Ken Gregory
November 26, 2011
Climate Models vs
Observations
Bob
Tisdale runs a climate blog website "Bob Tisdale - Climate Observations".
He has recently written several excellent posts which compare temperature
series to hindcasts of computer models used by the IPCC. I have selected
six graphs from his posts to present in this short article. These graphs are
also presented in the "Climate Models Fail" section of my Climate Change Science
essay here,
which is linked to the Friends of Science website. Links to the posts from which
the graphs came are given below. Readers are encouraged to read the source posts
for further information.
Computer model hindcasts should be compared to the actual historical observations to determine how well the models matched the historical record. A model that fails to history match will not produce realistic projections.
The animation below compares observed North Atlantic temperature anomalies to the modeled surface air temperatures for the 6 individual ensemble members and the ensemble mean of the National Center for Atmospheric Research (NCAR) coupled climate model CCSM4. All data have been smoothed with a 121-month filter.
Bob Tisdale writes "The NCAR CCSM4 coupled climate model appears to do a poor job of hindcasting the multi-decadal variability of North Atlantic temperature anomalies." See here.
The animation below compares the Sea Surface Temperature (SST) in the NINO 3 region to the climate model hindcasts. NINO 3 is a region in the Eastern Pacific tropics where El Nino Southern Oscillation (ENSO) events occur. ENSO is a natural SST oscillation expressed as warming El Nino and cooling La Nina events. The animation shows how poorly the models hindcast the frequency, magnitude, and trend of ENSO events. The model ensemble mean trend is 14 times greater than the trend of the observations.
Bob Tisdale writes "the frequency and magnitude of El Nino and La Nina events of the individual ensemble members do not come close to matching those observed in the instrument temperature record. Should they? Yes. During a given time period, it is the frequency and magnitude of ENSO events that determines how often and how much heat is released by the tropical Pacific into the atmosphere ..."
The graph below compares the linear trends for the observations and the model mean of the IPCC Fourth Assessment Report hindcasts/projections of SST for the period of January 1982 to February 2011 in 5-degree-latitude bands. The models predicted much greater warming trends in the tropics than what was observed. The actual warming in the northern regions is greater than modeled. Warming was predicted in the southern region but the SST trend was actually negative in much of the region. This shows that the models do an extremely poor job at simulating how tropical heat is transported to the Polar Regions. See here.
The graph below compares the Easter Pacific SST to models by latitude. This includes the important El Nino region so a good history match here is critical. The Eastern Pacific tropical SST has declined at the equator at 0.14 C/decade, but the models show a strong warming of 0.19 C/decade. See here.

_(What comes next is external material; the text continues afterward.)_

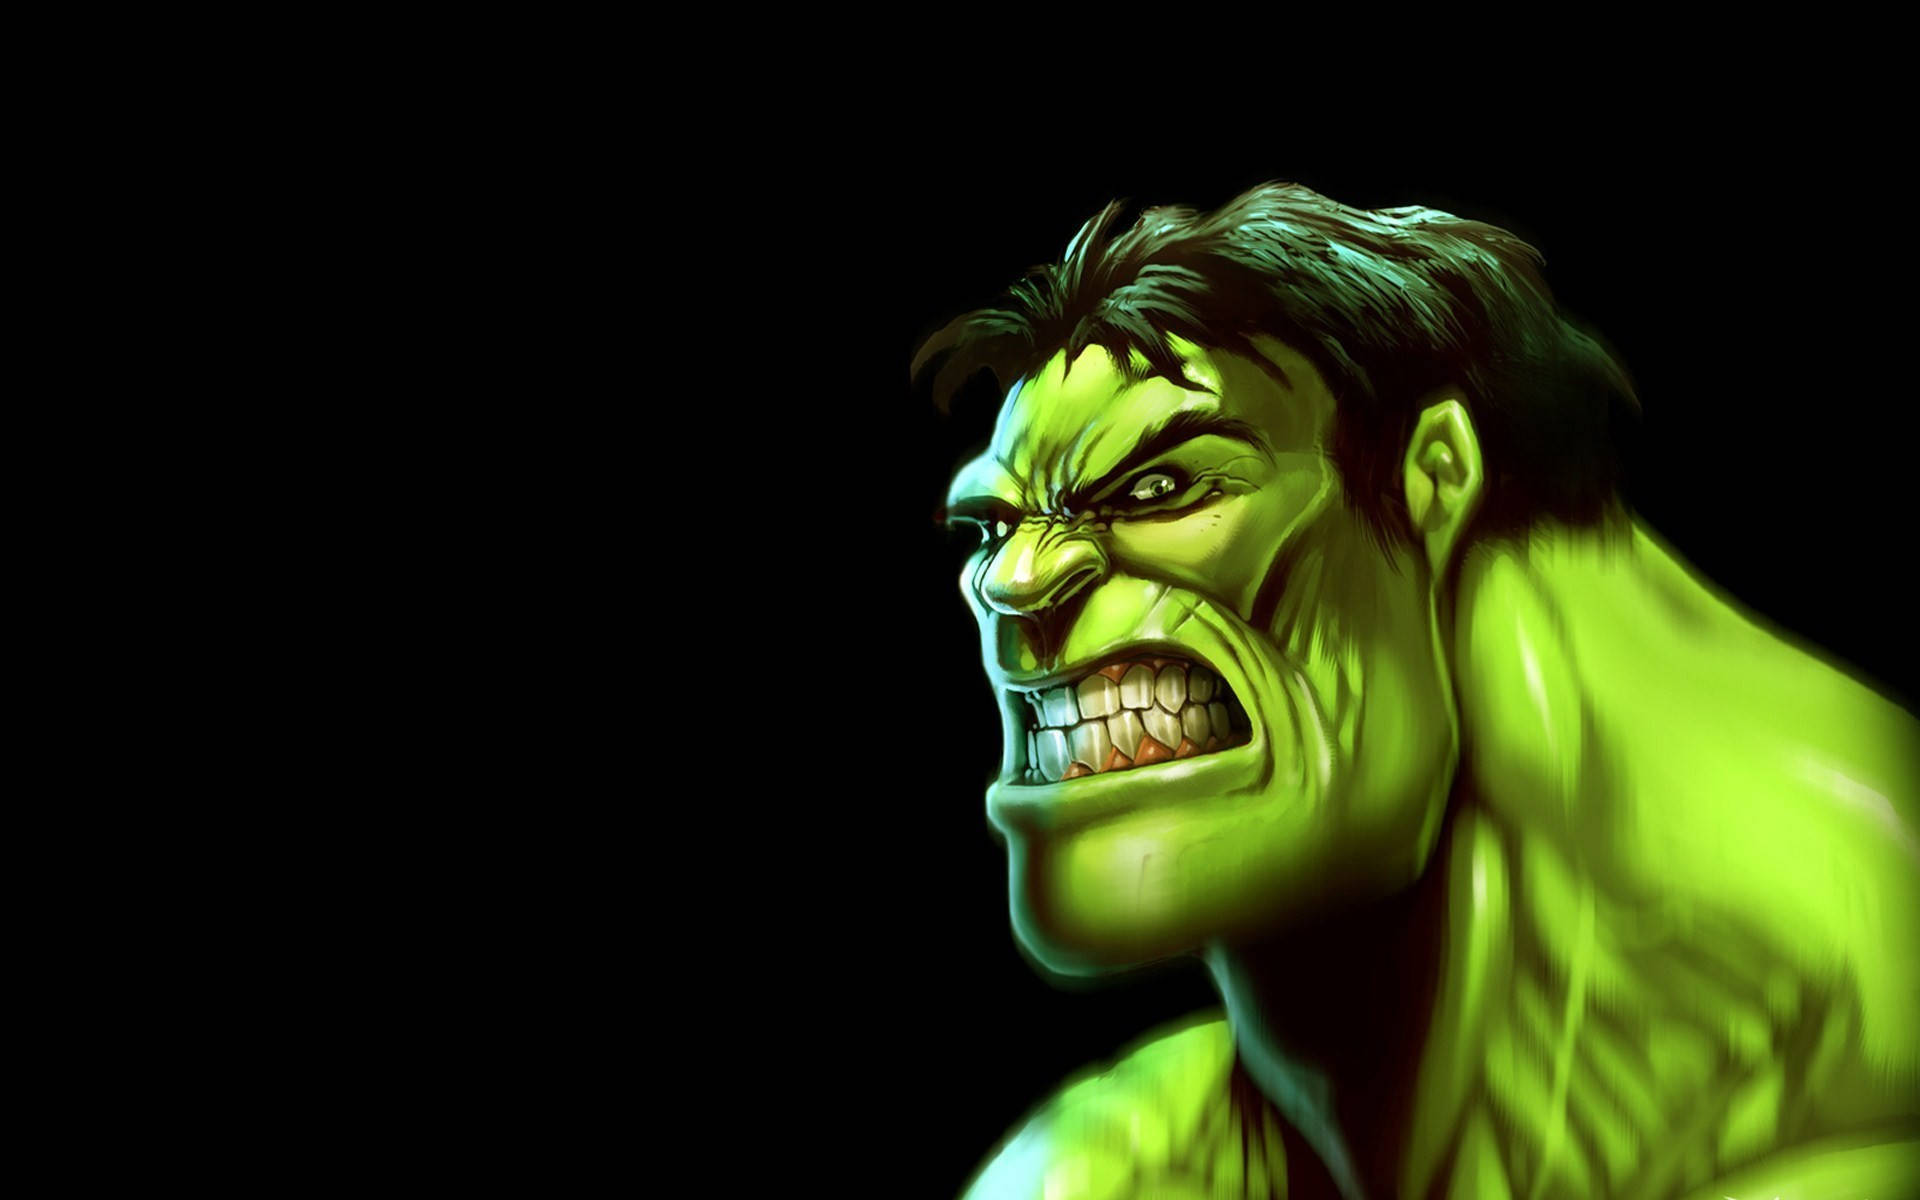 The Hulk Graphic Fan Art

The graph below compares SST observations to climate model outputs for the period of 1910 to August 2011. The SST is from the HADISST dataset and the model hindcast is the IPCC model mean published in 2007. The models do not match the temperature variability in the period 1910 to 1975. They are made to match the warming trend from 1975 to 2002 by assuming most of the warming is due to CO2 and using high sensitivity to greenhouse gases. The projections diverge from observations after 2002 despite the continued increase in CO2 emissions. See here.
The graph below compares the 17-year (240 months) trends of the global SST to the IPCC model mean. Each point on curves represents the 17-year straight-line best-fit trend to that point in time. The IPCC models projected the global 17-year SST trend ending August 2011 at 0.15 C/decade, but the observed rise was only 0.02 C/decade. See here.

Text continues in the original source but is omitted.